A travers le parc naturel du Vexin / © Vianney Delourme pour Enlarge your Paris
À travers le parc naturel du Vexin / © Vianney Delourme pour Enlarge your Paris

L'hiver transforme le Grand Paris en un territoire aux contrastes magnifiques : friches givrées, cafés refuges, musées baignés de lumière rase, tables rurales, clubs technos sous le périph, chemins de nature accessibles en métro et randonnées dépaysantes à bien moins d'une heure de train. Voici huit adresses pour traverser la saison sans hiberner.

La Végétale : un bain de nature au bout des quais du métro (Créteil, 94. M8)

On ne s’attend pas à ça en sortant du terminus de la ligne 8. Et pourtant : la Végétale, promenade paysagère qui relie Créteil aux plaines du Val-de-Marne et aux premières nappes forestières du plateau briard, est l’un des meilleurs antidotes au gris parisien. Et elle commence au bout des quais. En hiver, les prairies sont rases, les plans d’eau fument dans le froid, les silhouettes des tours se découpent net dans l’air sec. C’est beau comme un film en noir et blanc — sauf quand on croise un joggeur en fluo. Depuis quelques semaines, la ligne de câble C1 — premier téléphérique d’Île-de-France accessible avec le passe Navigo — prolonge la ligne 8 jusqu’à la forêt par les airs. Un parfait passeport vers le vert. Même en février. À vivre : craquer pour les poulets et les œufs de la ferme bio du plateau Briard.

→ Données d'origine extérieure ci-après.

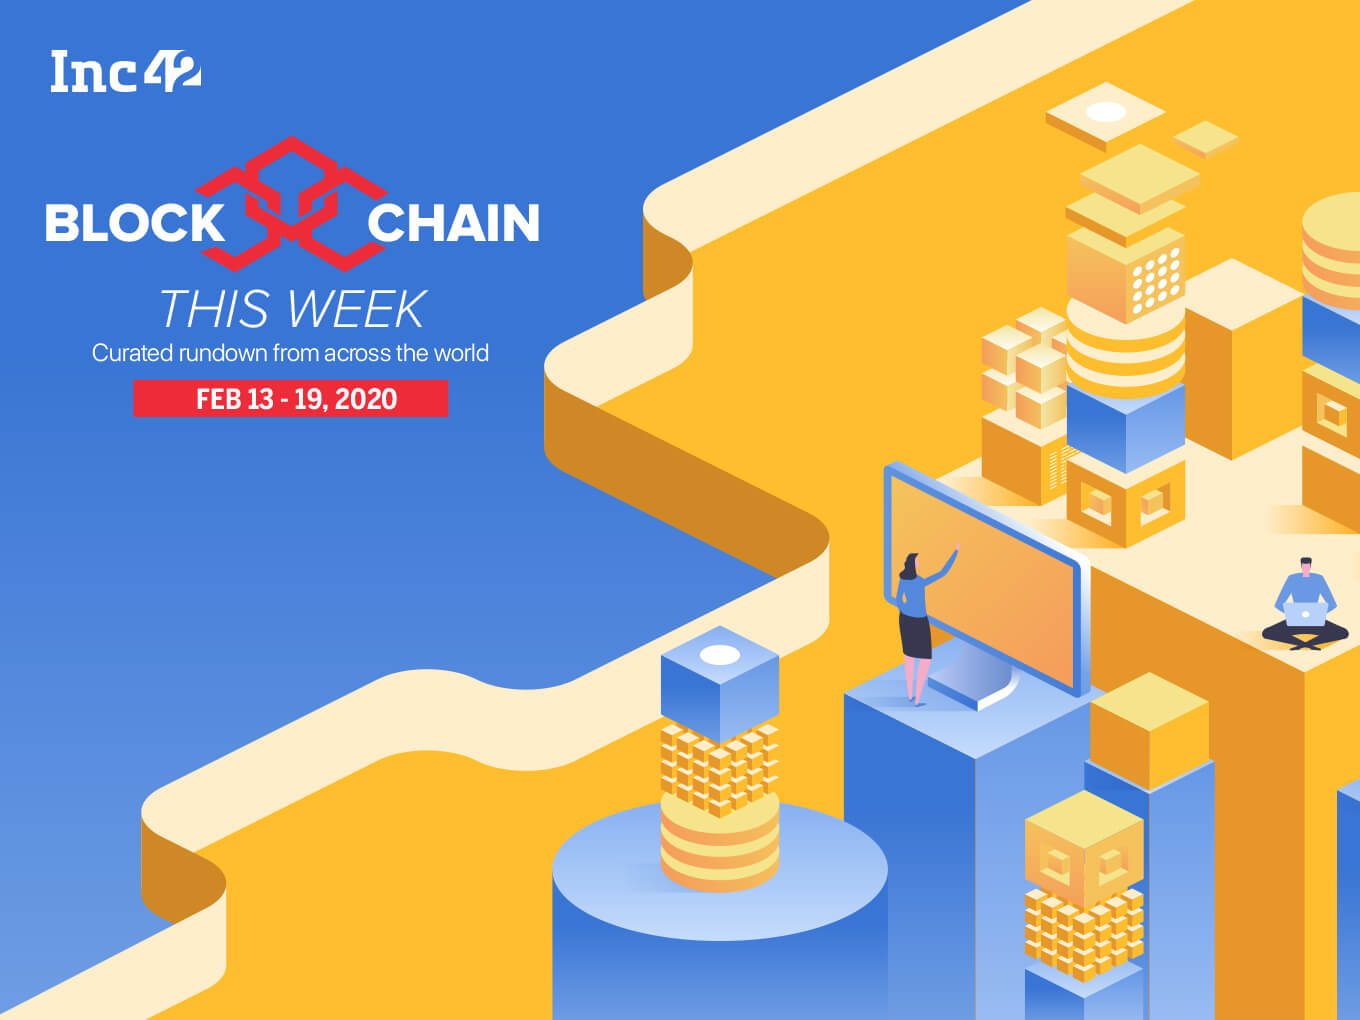 Blockchain This Week: Election Commission’s Blockchain Voting Tech; Blockchain For Ticketing And More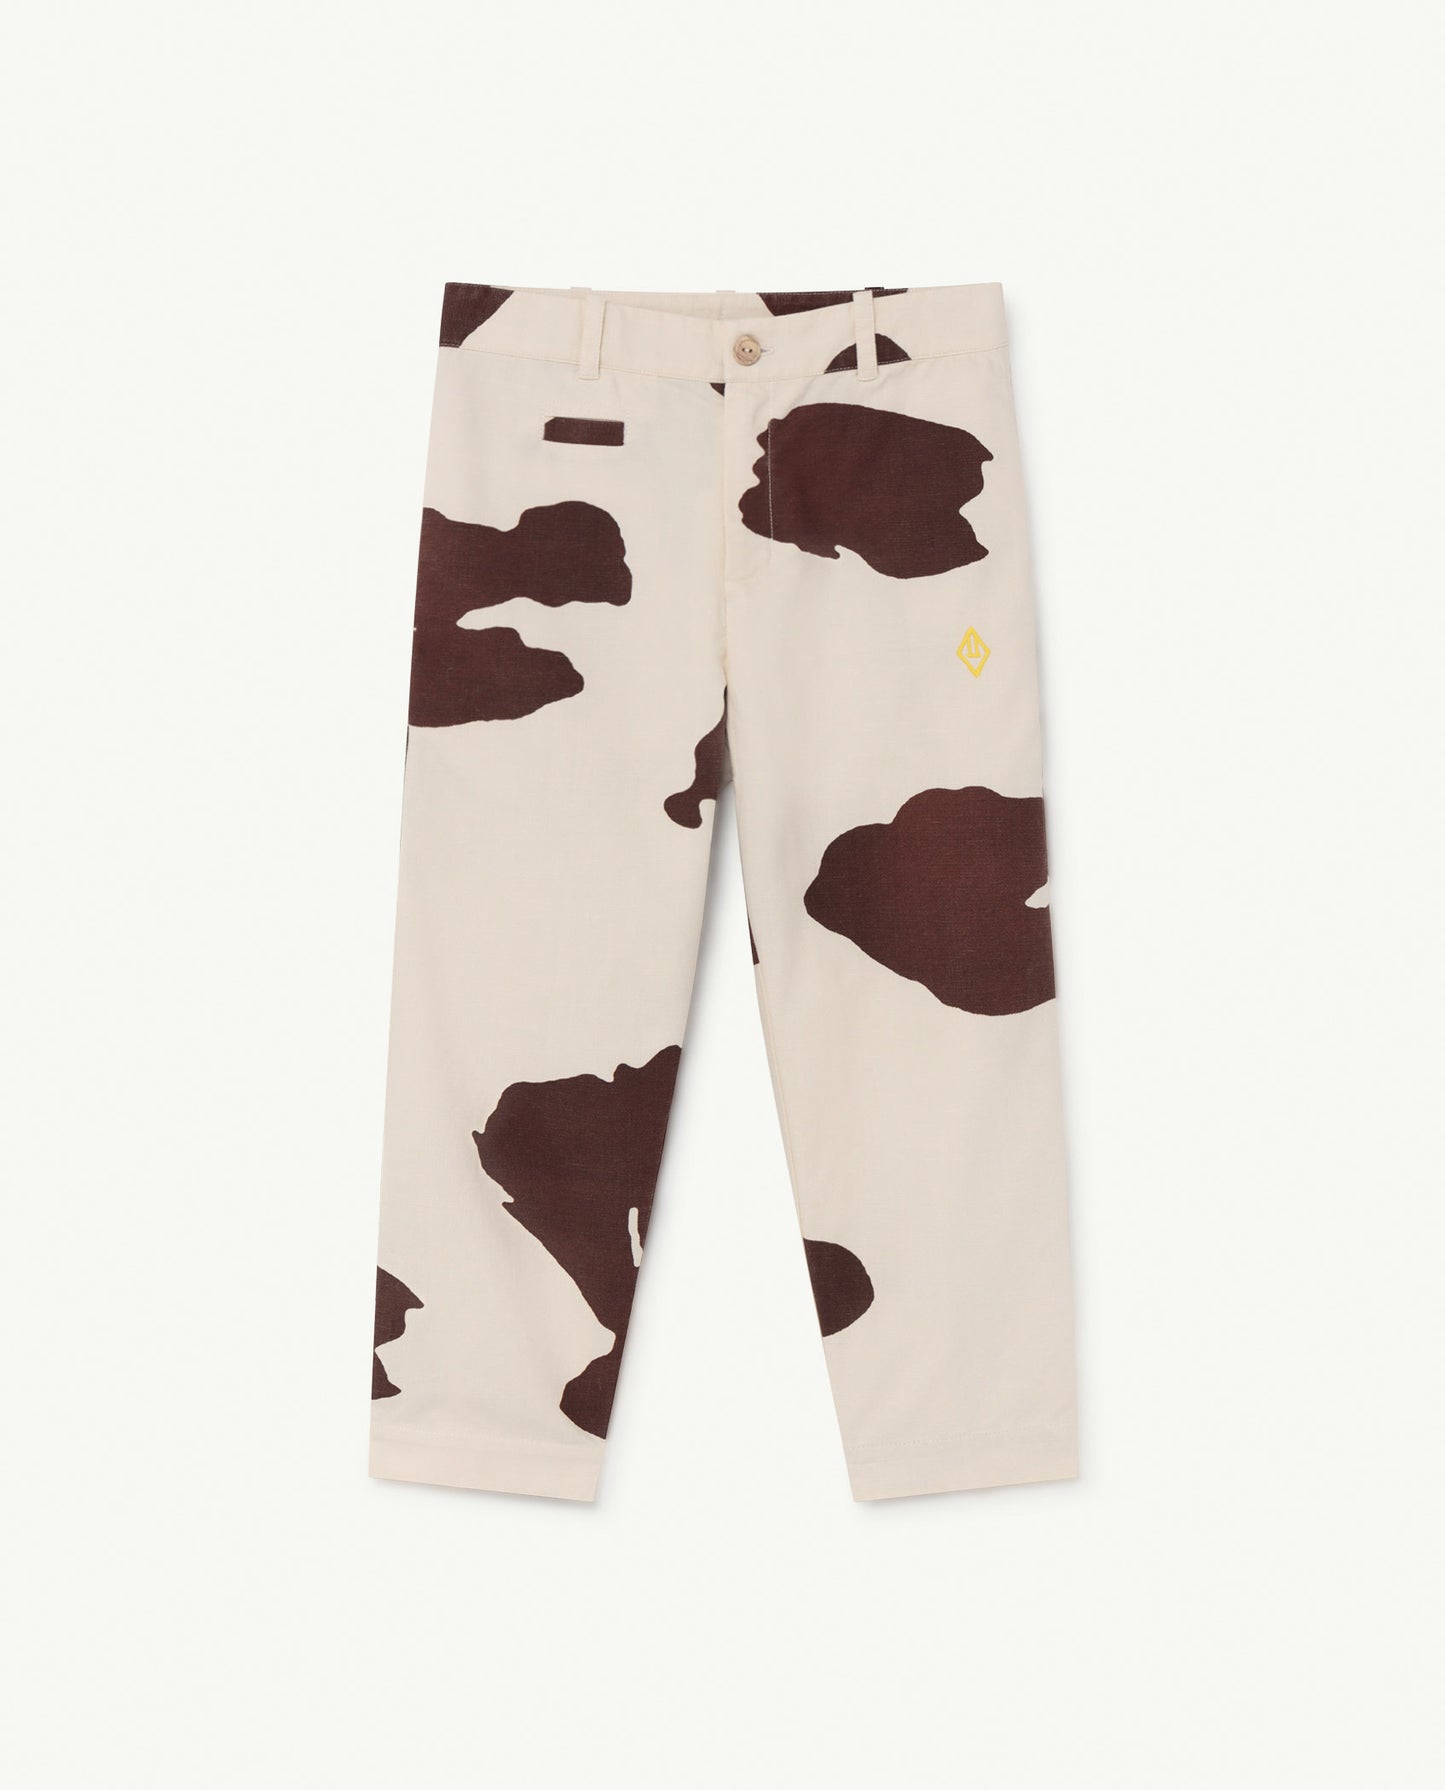 CAMEL KIDS TROUSER - WHITE COW || THE ANIMALS OBSERVATORY

Lire le reportage complet : La Végétale : 20 km pour les piétons, les cyclistes et la biodiversité

Le Doyenné : la campagne grand-parisienne se mange (Saint-Vrain, 91. RER C)

Ferme restaurée magnifique, cour silencieuse, potager en dormance, cheminée monumentale : Le Doyenné est une expérience autant qu’un restaurant. Harry Lester et Shaun Kelly cuisinent le territoire avec une précision rare : légumes racines, herbes fumées, bouillons délicats, viandes maturées. Ici, l’automne ne se contemple pas : il se goûte. Le lieu incarne à lui seul le renouveau du terroir grand-parisien, ce que nous racontons en détail dans notre reportage. À vivre : arriver un peu avant le service pour marcher dans le potager ou dans la forêt régionale voisine, ancien parc du château devenu propriété d’Ile-de-France nature.

Lire le reportage complet : Le Doyenné, le gastro au milieu des champs qui sublime le terroir grand-parisien

Crécy-la-Chapelle : la Venise briarde version brume (Crécy-la-Chapelle – 77. Ligne P)

À moins d’une heure de Paris, Crécy-la-Chapelle suspend le temps. Surnommée « la Venise briarde » pour ses canaux et ses reflets tranquilles, la cité médiévale devient un tableau impressionniste à l’automne : pierre blonde chauffée par la lumière rase, eau qui glisse sous les ponts anciens, arbres qui roussissent le long des berges. On y marche à hauteur d’œil et de pas : venelles sinueuses, moulin monumental, vallées préservées, bocage. Petite idée en plus : faire la boucle complète jusqu’au Moulin jaune, pour saisir les plus belles perspectives et même si le moulin est fermé jusqu’au printemps. Ou s’offrir une pause lecture gourmande à la librairie café de Crécy-la-Chapelle avec vue sur les canaux.

Lire le reportage complet : Balade à Crécy-la-Chapelle, entre vieilles pierres, vallée préservée et moulin hors du commun

Un dimanche après-midi de cirque à l’Académie Fratellini (Saint-Denis – 93. RER D)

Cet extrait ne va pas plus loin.